The molecular formula of a compound specifies the exact number of each type of atom in a molecule of the compound. For fructose, a mass spectrum showed a peak at around 180 u (atomic mass units), indicating its molecular mass. By comparing this weight to the empirical formula mass, you can determine the molecular formula.

To find the molecular formula, calculate the empirical formula mass, which is the weight of your smallest unit of the compound, in this case, CH₂O. This was found to be approximately 30.03 g/mol. Next, divide the molecular mass (180 u) by the empirical formula mass. This gives a value of 6, indicating that the molecular formula consists of six empirical units. Thus, the molecular formula of fructose is C₆H₁₂O₆.

• The molecular formula provides insight into the actual number and types of atoms in a molecule.
• It's derived from the empirical formula when the molecular mass is known.

A mass spectrum is like a fingerprint of a molecule, showcasing how the piece is weighted. When analyzing fructose, the mass spectrum displayed a significant peak at approximately 180 u. This peak corresponds to the molecular weight and helps in determining the molecular formula.

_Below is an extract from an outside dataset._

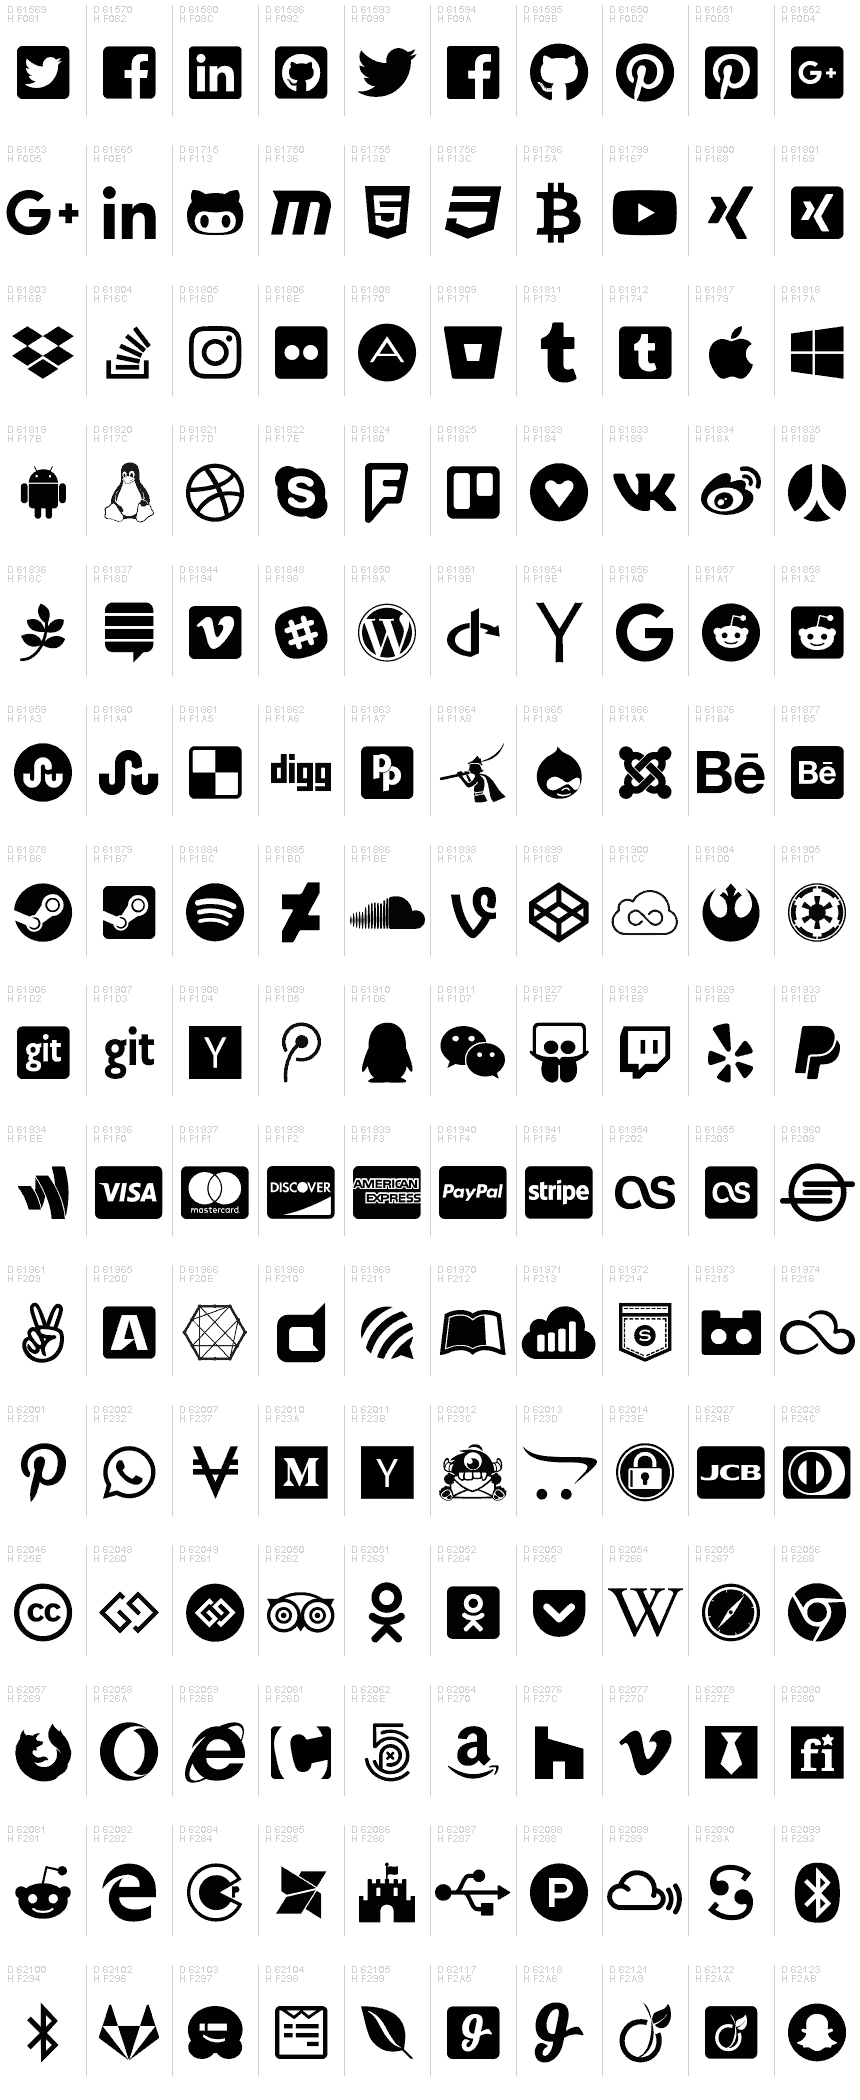 Phiên bản mới nhất của Font Awesome 5 Brands mang đến cảm giác mới mẻ và đặc biệt cho người dùng. Với việc cập nhật biểu tượng và tính năng mới, Font Awesome 5 Brands trở nên đáng tin cậy và chuyên nghiệp hơn. Tham khảo hình ảnh liên quan để khám phá phiên bản mới nhất của Font Awesome 5 Brands.

In mass spectrometry, different fragments of the molecule are separated based on their mass-to-charge ratio (m/z). For fructose, the key peak at 180 indicates the presence of an intact molecular ion or the molecular mass of fructose itself.

• Mass spectrometry can identify molecules and determine their quantities in a mixture.
• The height of the peaks can reflect the abundance of the respective ions.

Moles calculation is crucial for translating the weight of each sample into moles, which allows for the determination of the empirical formula. It's a critical bridge from mass to molecule. Transform the mass percent into moles by utilizing the molar masses of each element.

For fructose:

• Carbon (C): Start with 40 grams, using a molar mass of 12.01 g/mol, giving approximately 3.33 moles of Carbon.
• Hydrogen (H): With 6.71 grams and a molar mass of 1.01 g/mol, you get about 6.64 moles of Hydrogen.
• Oxygen (O): The remainder of 53.29 grams with a molar mass of 16.00 g/mol results in around 3.33 moles of Oxygen.

By doing so, these values are then used to find the simplest whole number ratio, leading to the empirical formula.

Fructose is a type of sugar found naturally in many plants. It is known for its high sweetness and forms the basis of our analysis. The challenge is to use composition details and analytical techniques to derive its chemical equations.

When analyzing fructose, note:

• Elemental Composition: Fructose contains carbon, hydrogen, and oxygen, indicated by its chemical formula C₆H₁₂O₆.
• Empirical vs Molecular Formula: The empirical formula of CH₂O simplifies the composition ratio, but the actual molecule is more complex.

Understanding fructose through these formulas helps in categorizing its role in nature and use in industries such as food production.